This principle is definitely overlooked, but ties in hand-in-hand with the skill of preparation. Students should attempt to become an organized person, as it helps in the studying process for tests and quizzes they will foresee in math. For example, a highly organized person always knows where to look back for practice problems, notes, and even homework assignments when preparing for upcoming tests and finals. This can come in handy as they will be able to not only follow along with their notes, but they’ll be able to utilize them in order to create practice tests and problems for a complete review. Organization is one of the key factors tied with any successful person in any industry, and so it certainly matters in the learning of mathematics!

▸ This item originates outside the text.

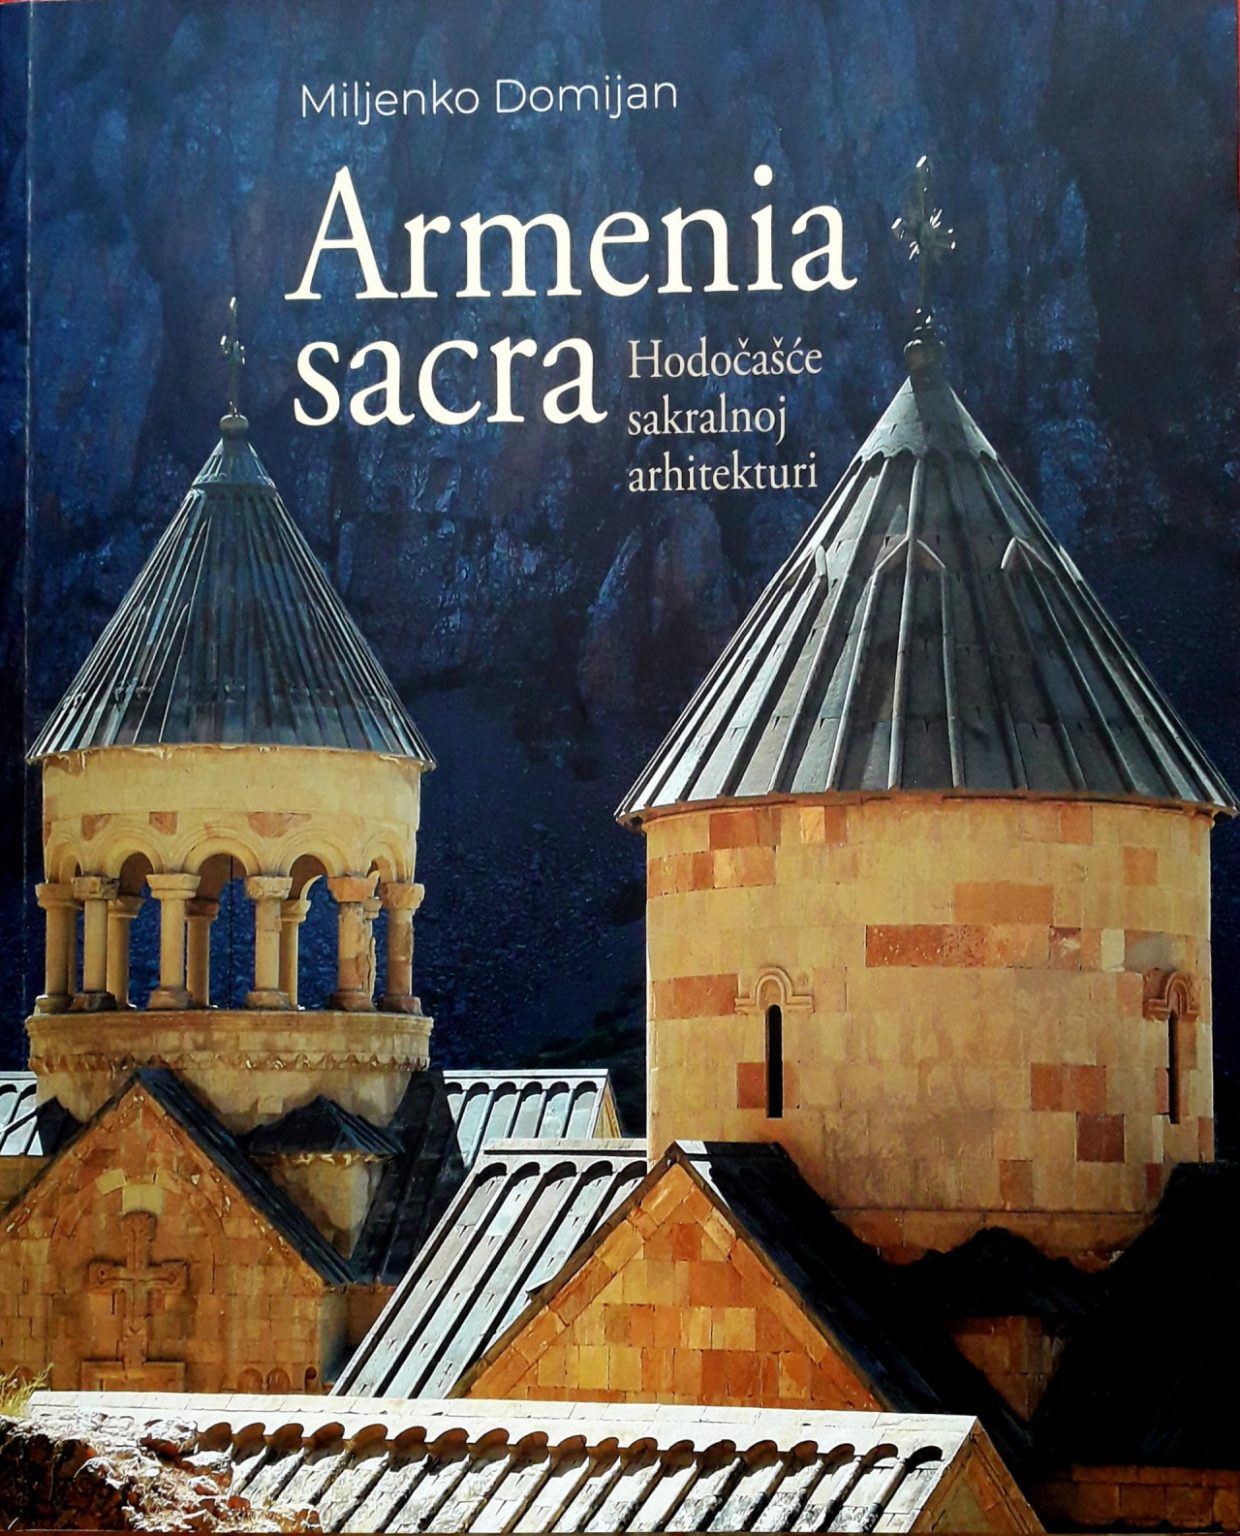 Armenia Sacra nasl 1240x1536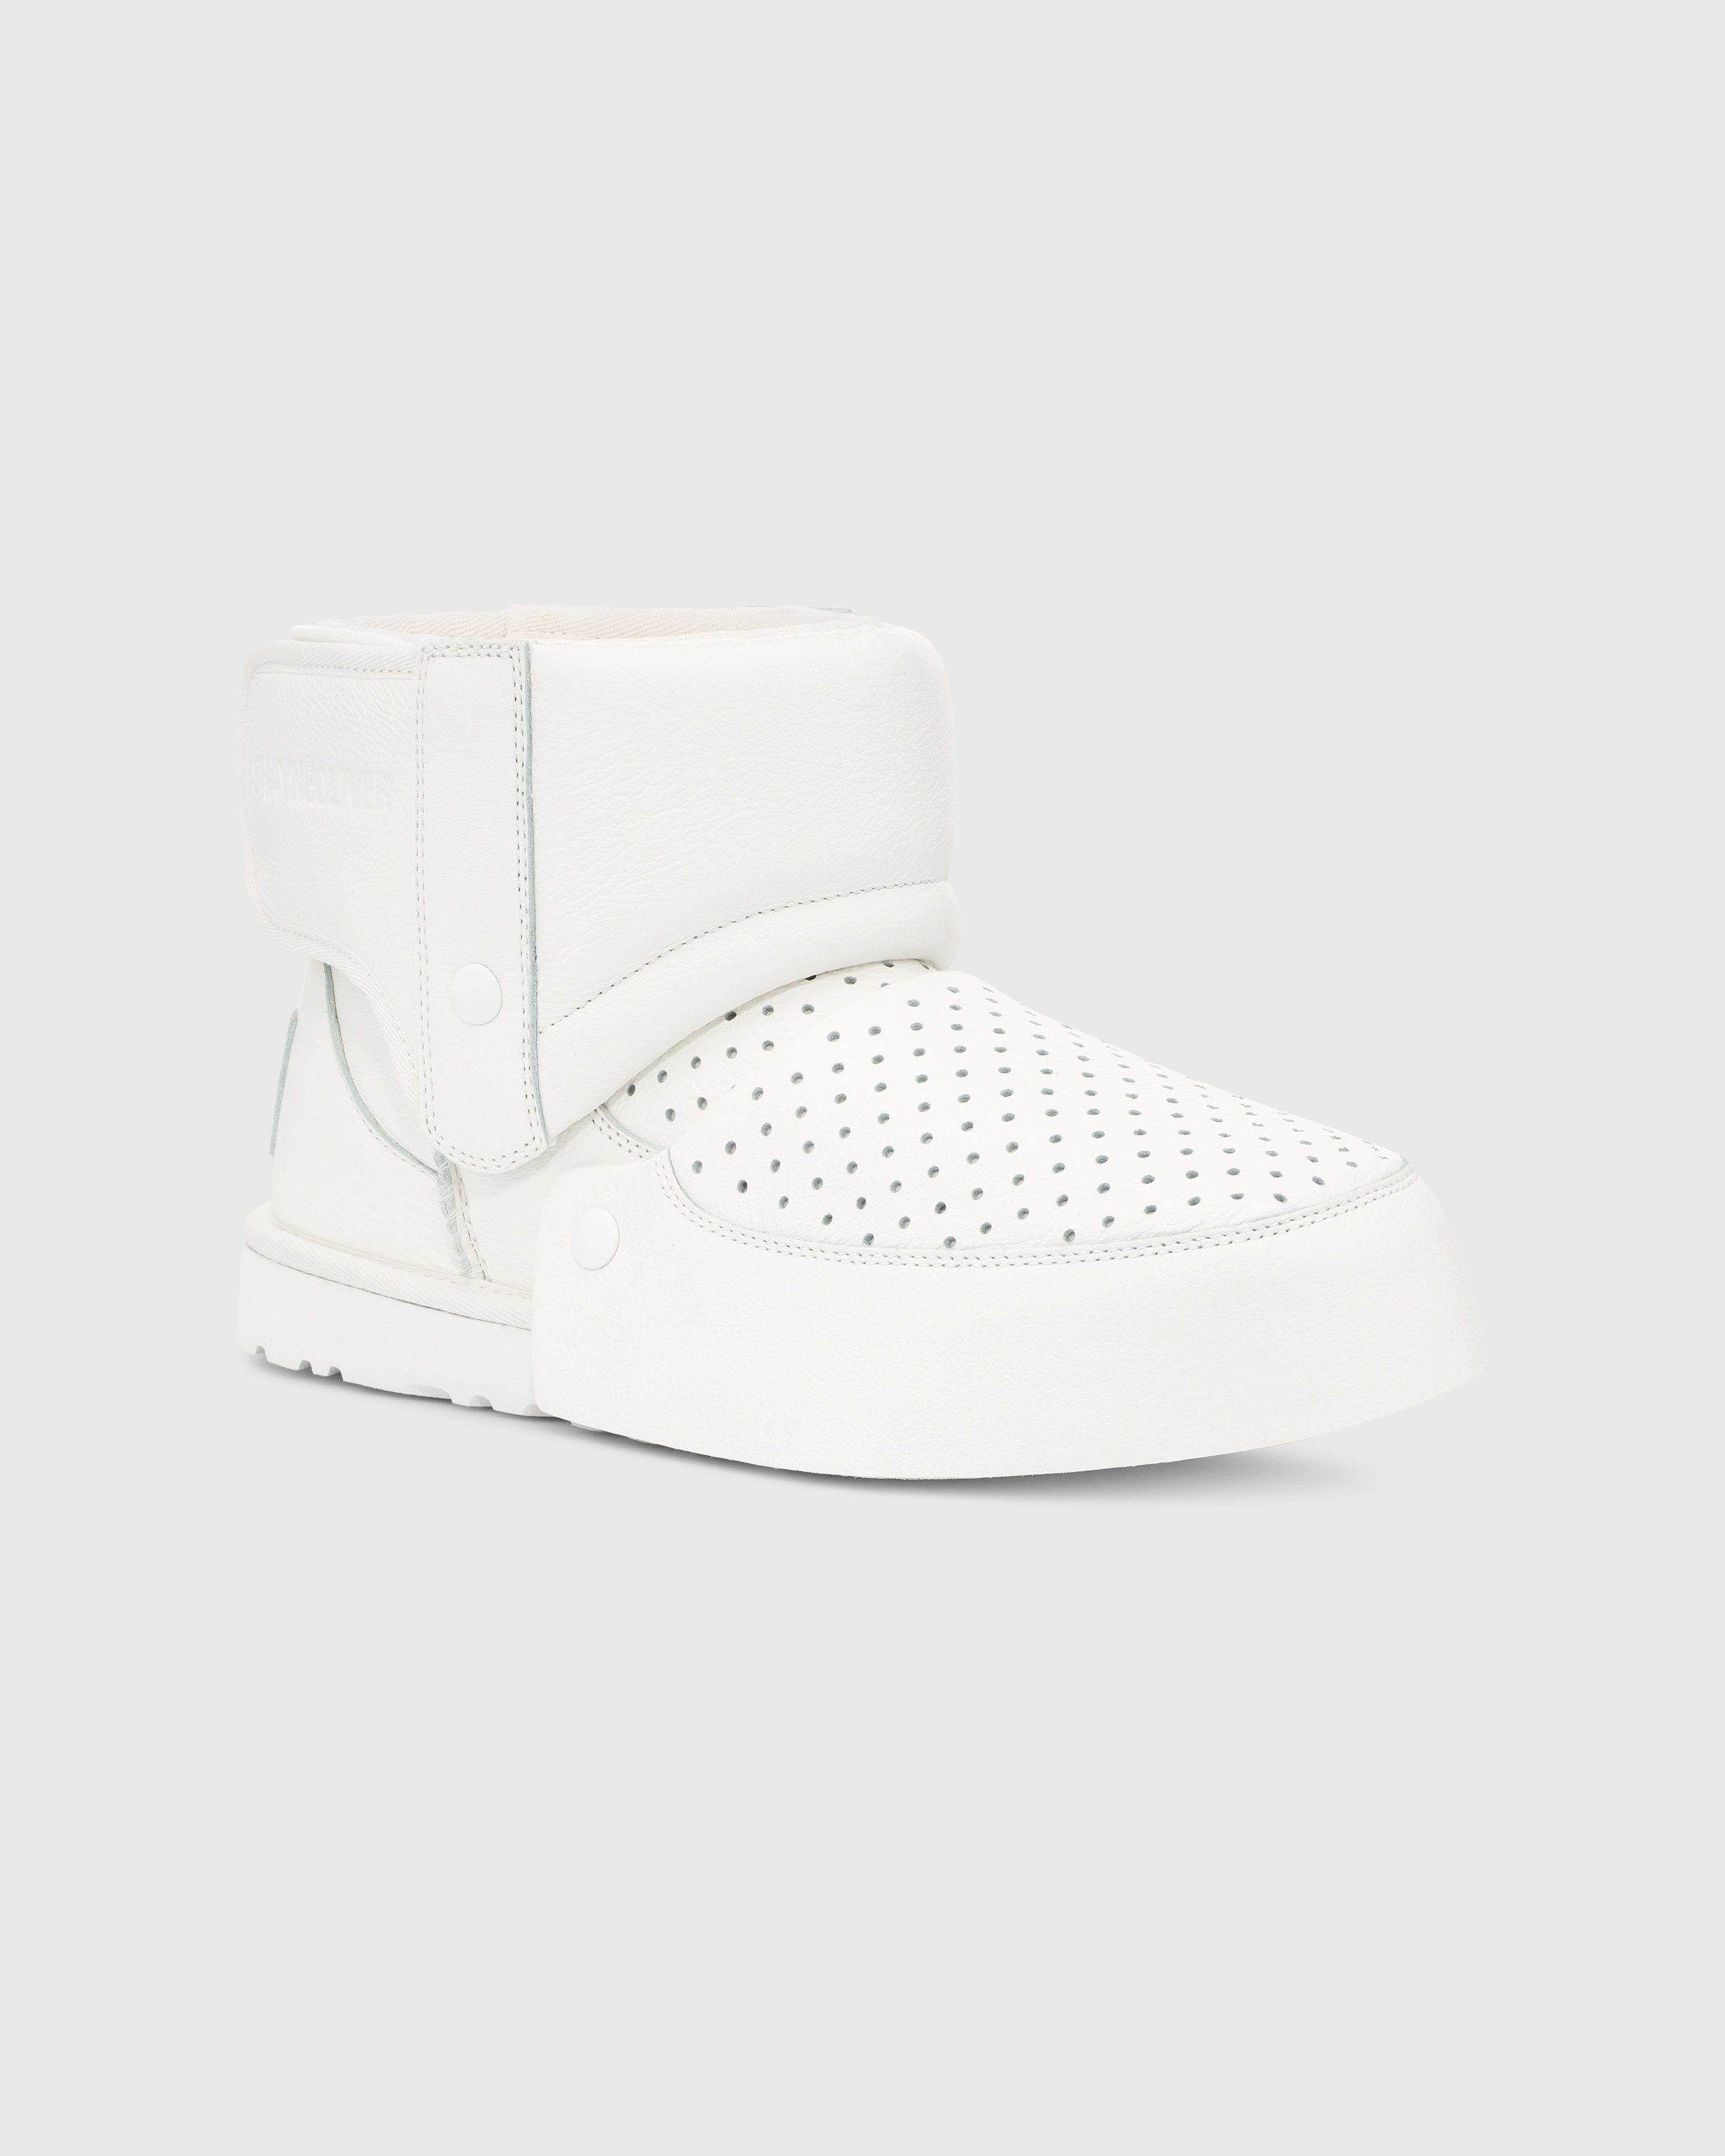 Ugg x Shayne Oliver – Mini Boot White - Lined Boots - White - Image 5

All in all, I want it to be known that anybody can achieve the status of being a “math person”. These two factors are certainly not the only ones that can help benefit you in the long run, but they can be seen as the building blocks to beginning your successful math journey. It all starts with some preparation and organization and the future of your math career is all in your hands! So next time you see that student next to you make that high math grade, remember, it’s more likely that he or she was prepared and organized and worked for that grade and is not just a “math person”.
Math is a pretty hard subject to grasp when it doesn’t come naturally to you, but there is always a way to learn. Here are a few methods that will get you through the struggle:
- DO Math
Time and time again we see students come in at the last minute to study for an exam. This is not a very effective way of learning. In order to truly understand math, you have to DO it. And I don’t mean just the homework, do extra! If you didn’t understand the homework fully by the time you got to the end, that is an indication that you need to search for some extra practice. If you have a textbook, this is the easiest way to find extra practice. Typically teachers do not assign you all of the problems in a certain section. Do the unassigned problems, and if the answers aren’t at the end of the book: use Google! I promise you can always find some way to check your work. If you don’t have a textbook, search the subject plus the word “worksheet” in Google. A lot of times you’ll find something that comes up and has the answers! If all else fails, ask your teacher where you could find some extra practice. They may just provide it for you!
- Take Notes
I know you are thinking, well duh, but some students don’t know how to take notes in math. If you aren’t already math-minded, you may not understand just an example of a problem without explanations between steps, so write down the example with the steps in words! (If you teacher is moving too fast, ask him/her politely to slow down, trust me, other students in your class with thank you for it.) Here is an example of what I mean:
Factor: 2x^2 + 4x + 2
Step 1: Look for a common factor, we see that it is 2, so divide every term by 2
2(x^2 + 2x + 1)
Step 2: For trinomials with a leading coefficient of 1, we can find two numbers that multiply to the last number and add to the middle number.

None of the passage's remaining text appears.